Prenez quatre personnes qui a priori n'ont rien à voir. Mathilde, spécialisée dans le roman à l'eau de rose, Louis, qui a longtemps travaillé à Cinecittà auprès de grands cinéastes, Jérôme scénariste qui se fait plagier ses meilleures créations, et Marco qui veut absolument le devenir – scénariste. Ces quatre-là sont un jour réuni par le boss d'une grande chaine de télé. L'heure est grave, il faut absolument remplir les quotas de production française, sinon ça va gueuler au-dessus, on ne plaisante pas avec ça, surtout quand la hiérarchie doit lâcher des sous. Donc la bande des quatre se retrouve avec un crédit illimité au kiosque à pizzas à côté du local d'écriture et ont pour mission d'écrire les scenarios et dialogues d'une série télé. Une série télé qui ne doit pas coûter un rond à tourner et à produire et que de toutes façons, on diffusera entre quatre et cinq heures du matin. On l'intitule
Saga parce que c'est commode et vite identifiable. Mathilde, Louis et Jérôme et Marco se mettent au travail. Contre toute attente, ils sont ravis de cette opportunité : la seule restriction qui leur est imposée est financière, pour le reste ils ont le droit de faire ce qu'ils veulent !

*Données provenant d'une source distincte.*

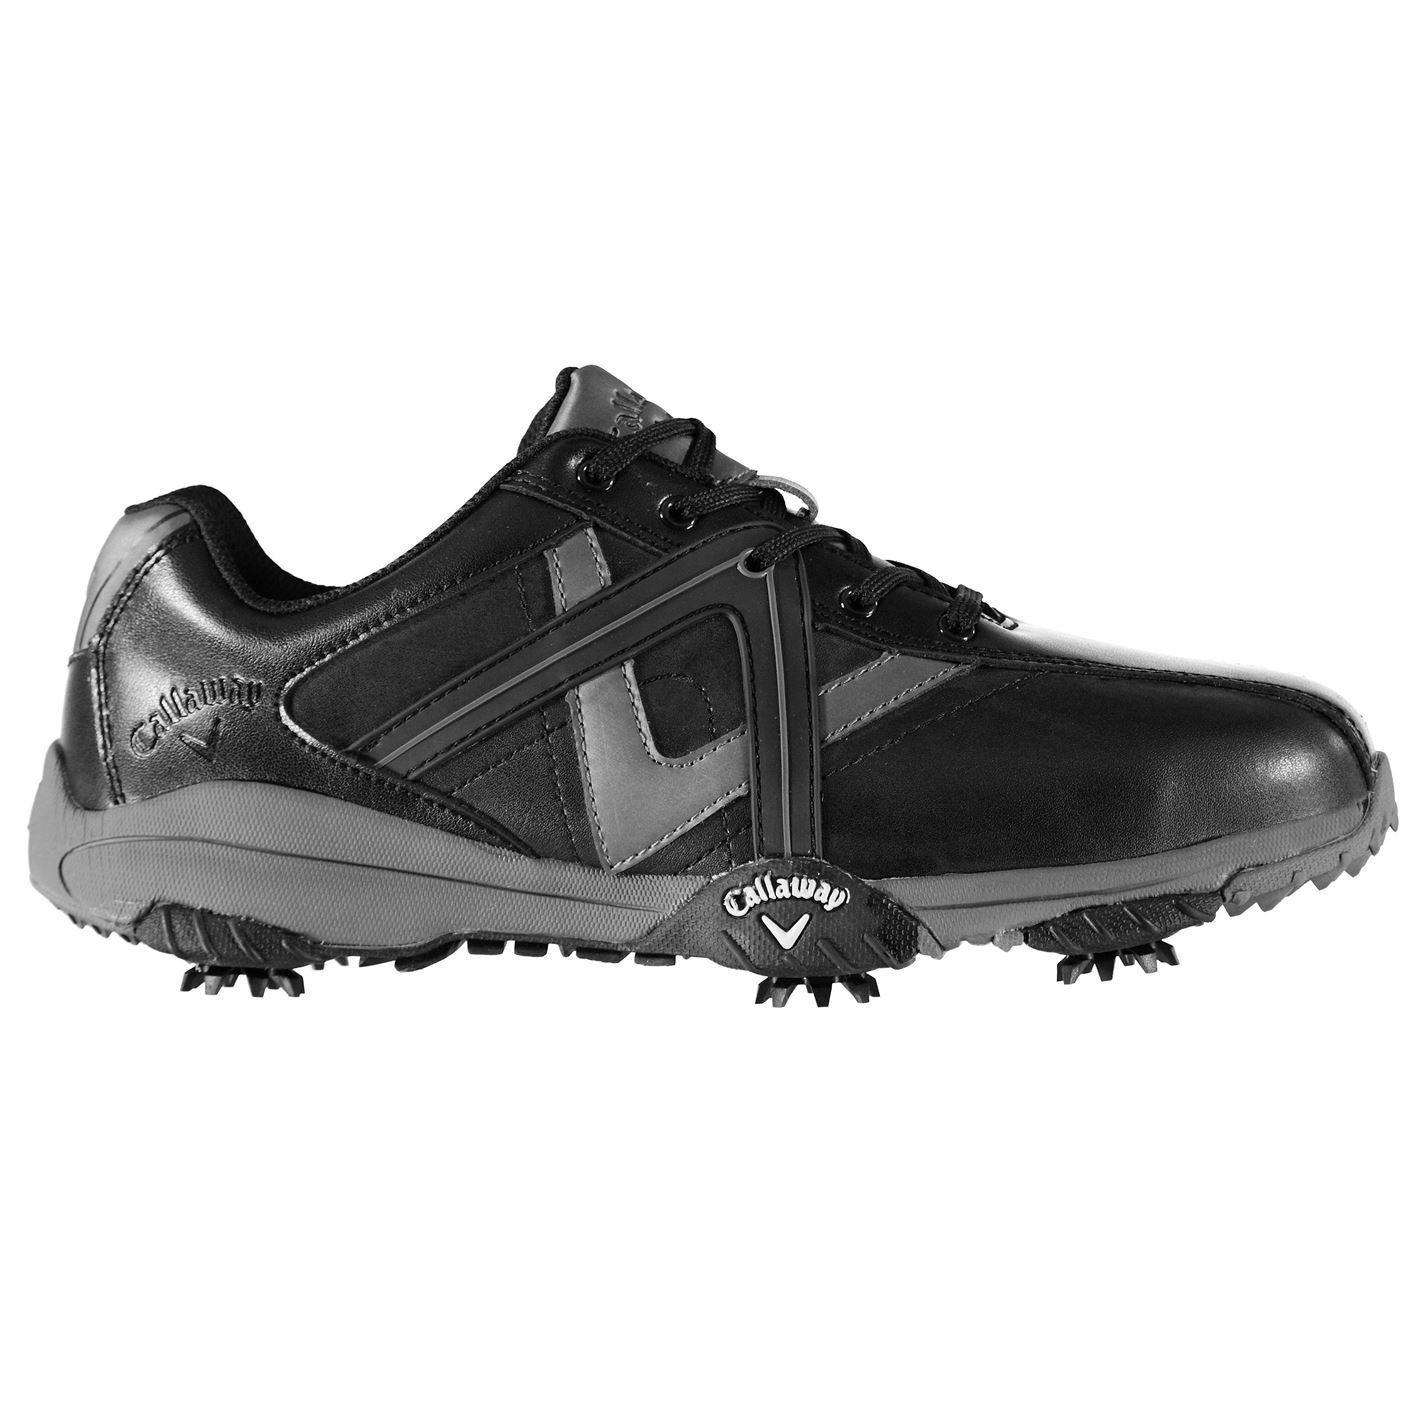 Callaway-Cheviot-ll-Golf-Shoes-Mens-Spikes-Footwear thumbnail 5

Ce qui ne devait être une série perdue dans la masse d'heures de programmes télés trouve un public. Des petits vieux insomniaques qui dans leur maison de retraite se délectent de
Saga et écrivent des courriers enthousiastes aux scénaristes. Et qui font du bouche-à-oreille. Et les jeunes s'y mettent aussi. Et soudain la série se met à passer en matinée. Puis entre midi et deux. Jusqu'à envisager le sacro-saint prime. Les audiences explosent. Les personnages de
Saga deviennent des stars. Les scénaristes des demi-dieux. Conséquence, le boss qui les avait convoqué veut reprendre la main sur la série qu'il a contribué à engendrer bien malgré lui. Or Mathilde, Louis, Jérôme et Marco tiennent à leur création. Et en tant que scénaristes, ils ont un pouvoir gigantesque : écrire LA série dont toute la France parle, jusqu'à la décision finale sur le déroulement des épisodes…
Ce page-turner se paie le luxe d'éviter les clichés, la pauvreté de la langue, pour offrir un grand roman populaire.
Saga mélange les scénarios et dialogues de la série au récit des quatre scénaristes, qui voient progressivement leur créature prendre une ampleur inespérée pour ces quatre parias de la création artistique. On éprouve une joie intense à la lecture de ce roman à une époque où les showrunners sont devenus des personnes aussi, voire plus importantes que les comédiens qu'ils mettent en scène. Bien que la question de la programmation apparaissent un peu datées, dans une époque où la guerre de la fiction a plus lieu sur les plateformes de streaming que sur les grilles de télévision,
Saga reste un roman tout à fait délectable sur le pouvoir de la fiction, qu'il soit
romanesque, cinématographique ou sériel.